So we can now have the name of the caller module, and we can use it to trace the allocations.

Storing the allocations

Finally, we need to store the allocations in a way that allows us to analyze them later.

Unfortunately, here there's no way to use a no_alloc data structure, so we will have to use a Mutex<HashMap<CallerName, Stats>> to store the allocations.

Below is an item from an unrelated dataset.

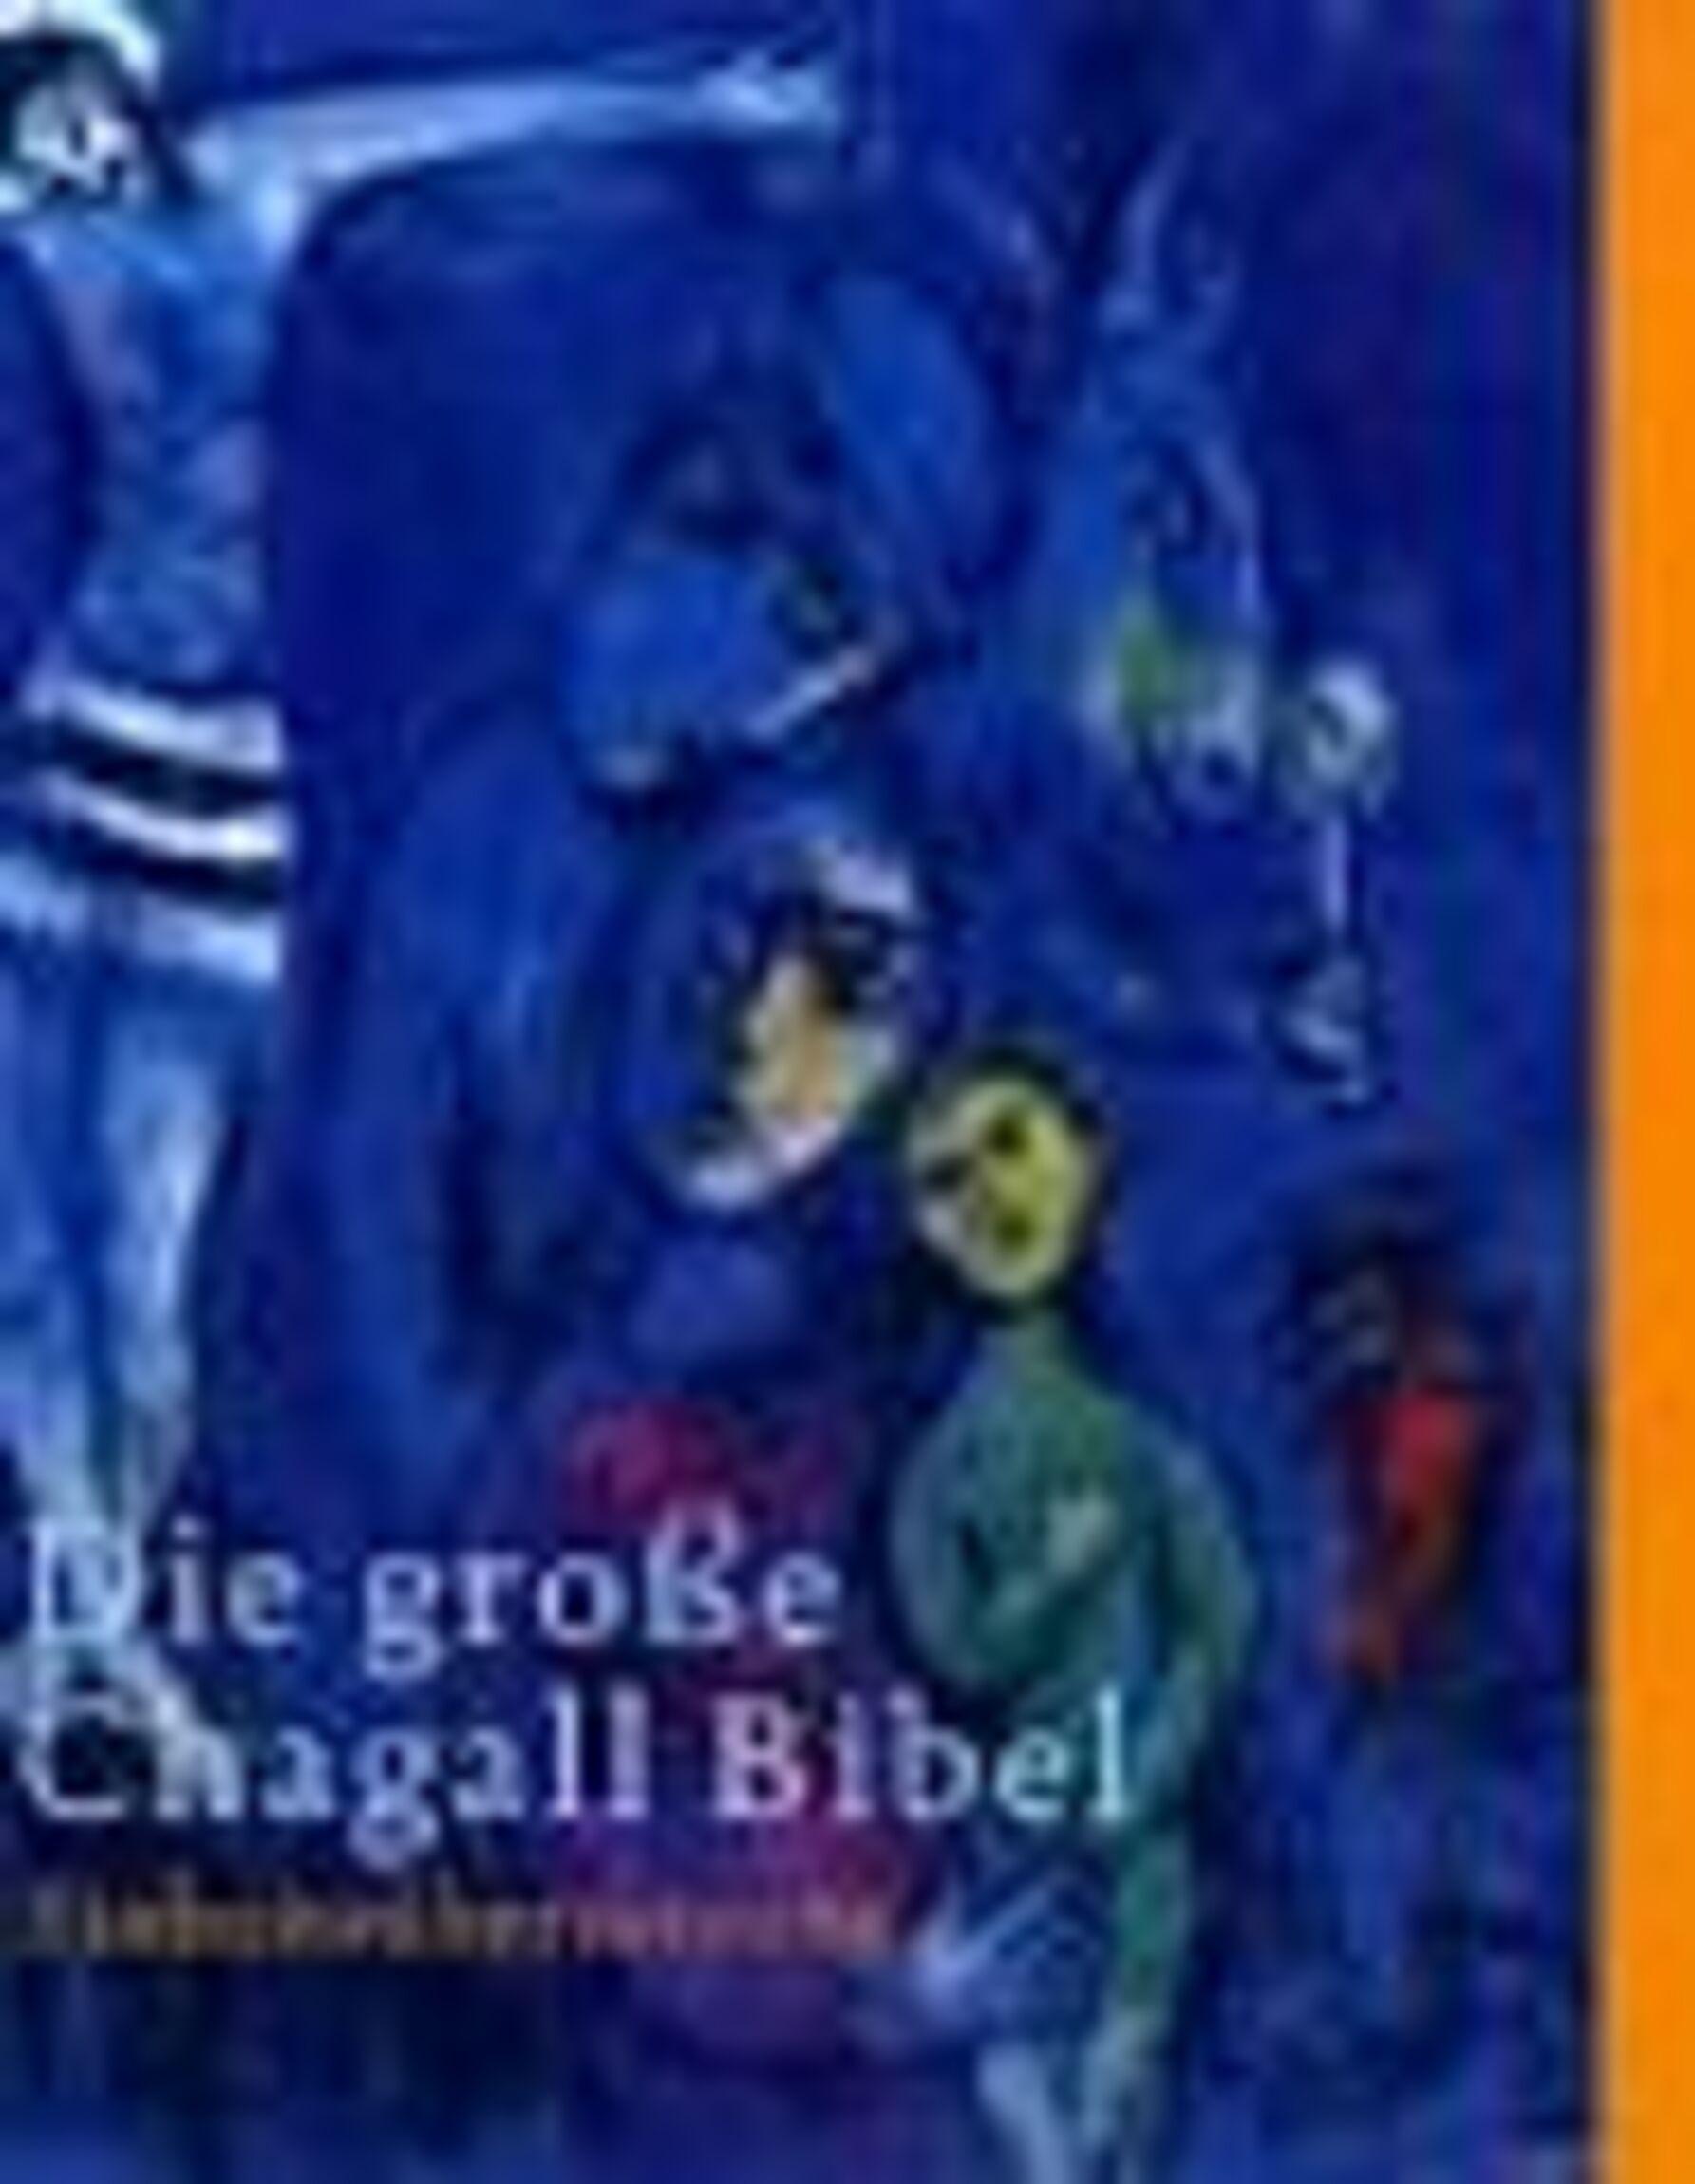 Bild 3 Chagall Bibel

So I have created symbols.rs which exposes the SymbolTable struct, which contains the symbols with their allocations.

/// A [`Symbol`] table.
///
/// Each [`Symbol`] is identified by the module name (e.g. `leaktracer::alloc`).
#[derive(Debug)]
pub struct SymbolTable {
/// The modules that are being traced.
modules: &'static [&'static str],
symbols: HashMap<&'static str, Symbol>,
}
impl SymbolTable {
/// Creates a new [`SymbolTable`] with the given size and modules.
pub(crate) fn new(size: usize, modules: &'static [&'static str]) -> Self {
Self {
modules,
symbols: HashMap::with_capacity(size),
}
}
/// Iterates over the [`Symbol`]s in the table, with their names.
pub fn iter(&self) -> impl Iterator<Item = (&&'static str, &Symbol)> {
self.symbols.iter()
}
/// Gets a [`Symbol`] by its name.
pub fn get(&self, name: &'static str) -> Option<&Symbol> {
self.symbols.get(&name)
}
/// Increments the allocated bytes for a [`Symbol`].
pub(crate) fn alloc(&mut self, bytes: usize) {
let name = demangle::get_demangled_symbol(self.modules);
// If the symbol does not exist, we create it with the given name.
if !self.symbols.contains_key(&name) {
self.insert(name);
}
let symbol = self.symbols.get_mut(name).expect("Symbol should exist");
symbol
.allocated
.fetch_add(bytes, std::sync::atomic::Ordering::Relaxed);
symbol
.count
.fetch_add(1, std::sync::atomic::Ordering::Relaxed);
}
/// Decrements the allocated bytes for a [`Symbol`].
pub(crate) fn dealloc(&mut self, bytes: usize) {
let name = demangle::get_demangled_symbol(self.modules);
if let Some(symbol) = self.symbols.get_mut(name) {
symbol
.allocated
.fetch_sub(bytes, std::sync::atomic::Ordering::Relaxed);
symbol
.count
.fetch_sub(1, std::sync::atomic::Ordering::Relaxed);
}
}
/// Inserts a new [`Symbol`] into the table.
fn insert(&mut self, name: &'static str) {
self.symbols.insert(
name,
Symbol {
allocated: AtomicUsize::new(0),
count: AtomicUsize::new(0),
},
);
}
}
/// A slot in the symbol table.
#[derive(Debug)]
pub struct Symbol {
/// Allocated bytes for this symbol.
allocated: AtomicUsize,
/// Allocation count for this symbol.
count: AtomicUsize,
}
impl Symbol {
/// Returns the number of bytes allocated for this symbol.
pub fn allocated(&self) -> usize {
self.allocated.load(std::sync::atomic::Ordering::Relaxed)
}
/// Returns the number of allocations for this symbol.
pub fn count(&self) -> usize {
self.count.load(std::sync::atomic::Ordering::Relaxed)
}
}

The SymbolTable takes the list of modules to trace, which will be later supplied by the user, so he can decide exactly which modules he wants to trace.

Finalizing the allocator

At this point we have everything we need to finalize the allocator.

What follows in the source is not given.